Car écrire, ça s’apprend. Écrire un roman est un travail laborieux. Tout le monde peut devenir écrivain, à condition d’être prêt à travailler et à apprendre le métier. Tout comme n’importe qui peut devenir médecin, pompier, ou ingénieur. Ces métiers s’apprennent. Le métier d’auteur, aussi.
L’écrivain dans notre société d’aujourd’hui
Quand j’avoue à quelqu’un que j’écris un roman, sa réaction est toujours étrange. Il est à la fois fasciné et vous considère comme un dieu (« waouh, moi je ne pourrais jamais faire ça »), tout en vous donnant l’impression que vous êtes un peu dingue, avec un supplément de pitié (« tu ne peux pas vivre de tes romans »). C’est une réaction très complexe, je ne peux pas faire mieux pour la décrire.
Évidemment, à ces gens-là, je ne dis jamais que je suis écrivain, mais plutôt que j’écris un roman, puisqu’apparemment, on ne peut pas s’autoproclamer écrivain, les autres doivent nous désigner comme tels. Mais c’est qui les autres ? Nos amis auteurs, les éditeurs, la société ?
En France, on a toujours du mal à accepter que les métiers artistiques soient de vrais métiers et qu’avoir du talent ne suffise pas. Qu’il faut aussi de la rigueur, de la détermination et du travail, beaucoup de travail.

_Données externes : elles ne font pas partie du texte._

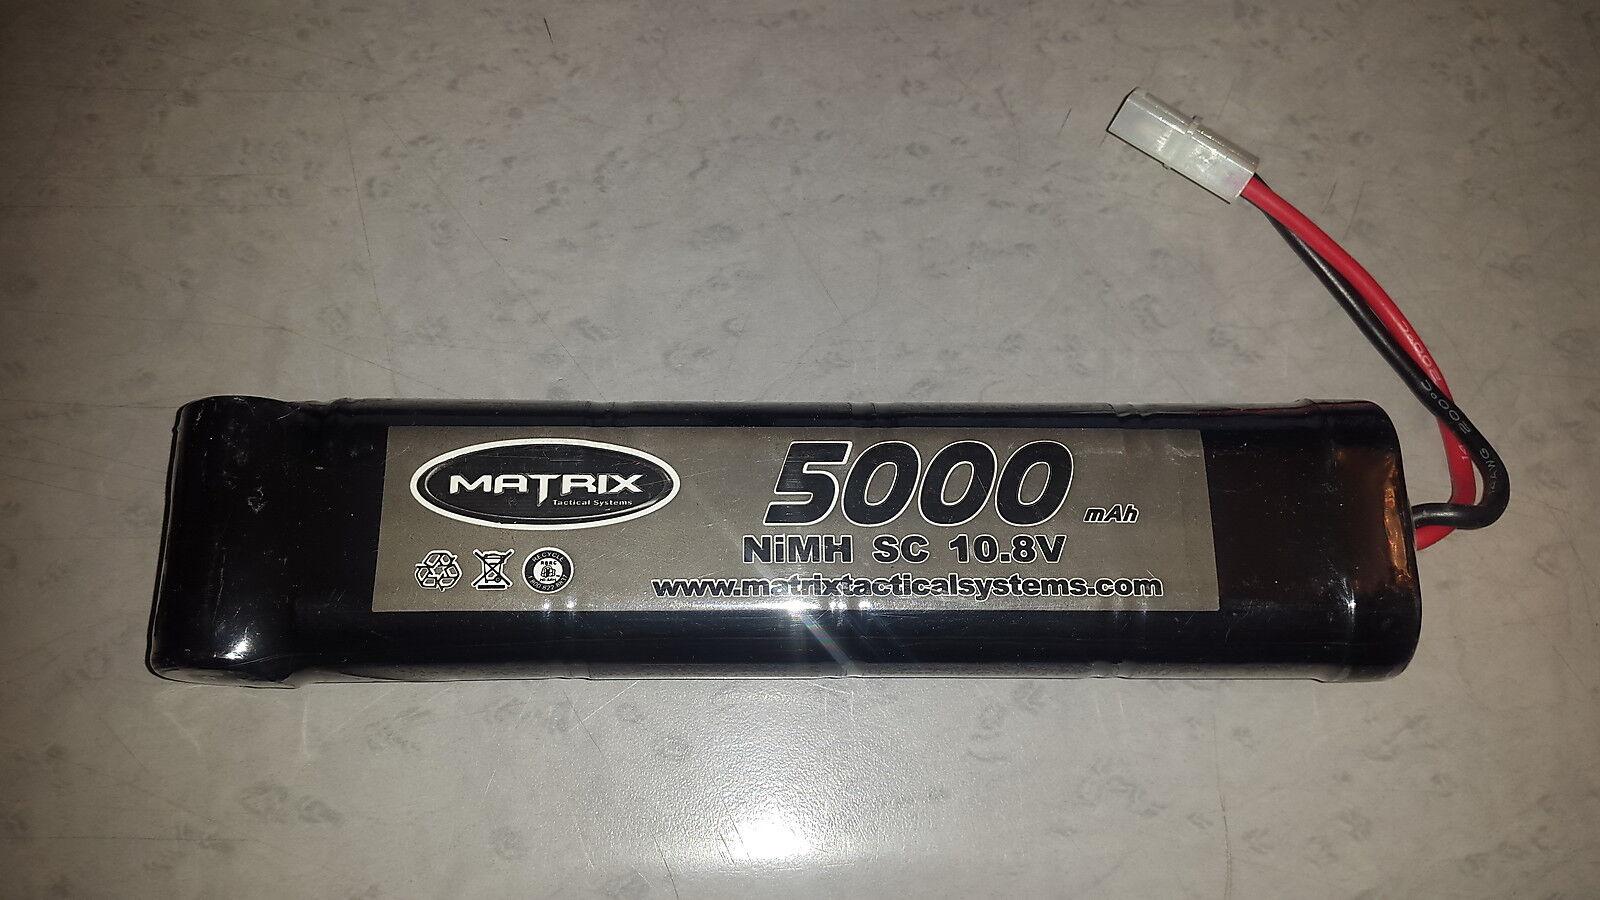 Batterie accus MATRIX 5000 mAh 10,8V NiMH SC NEUF

Si les mentalités ont beaucoup évolué concernant les autres arts, l’écriture me semble être le seul métier créatif où l’on n’a toujours pas accepté le fait qu’il s’apprend. Pourtant, c’est le cas, au même titre que tous les autres. Vous ne demanderez jamais à un pianiste de savoir jouer du piano sans apprendre le solfège, non ?
Cette vision est bien typique de la France, au contraire de pays comme les États-Unis ou l’Allemagne qui ont une image bien plus professionnelle du métier.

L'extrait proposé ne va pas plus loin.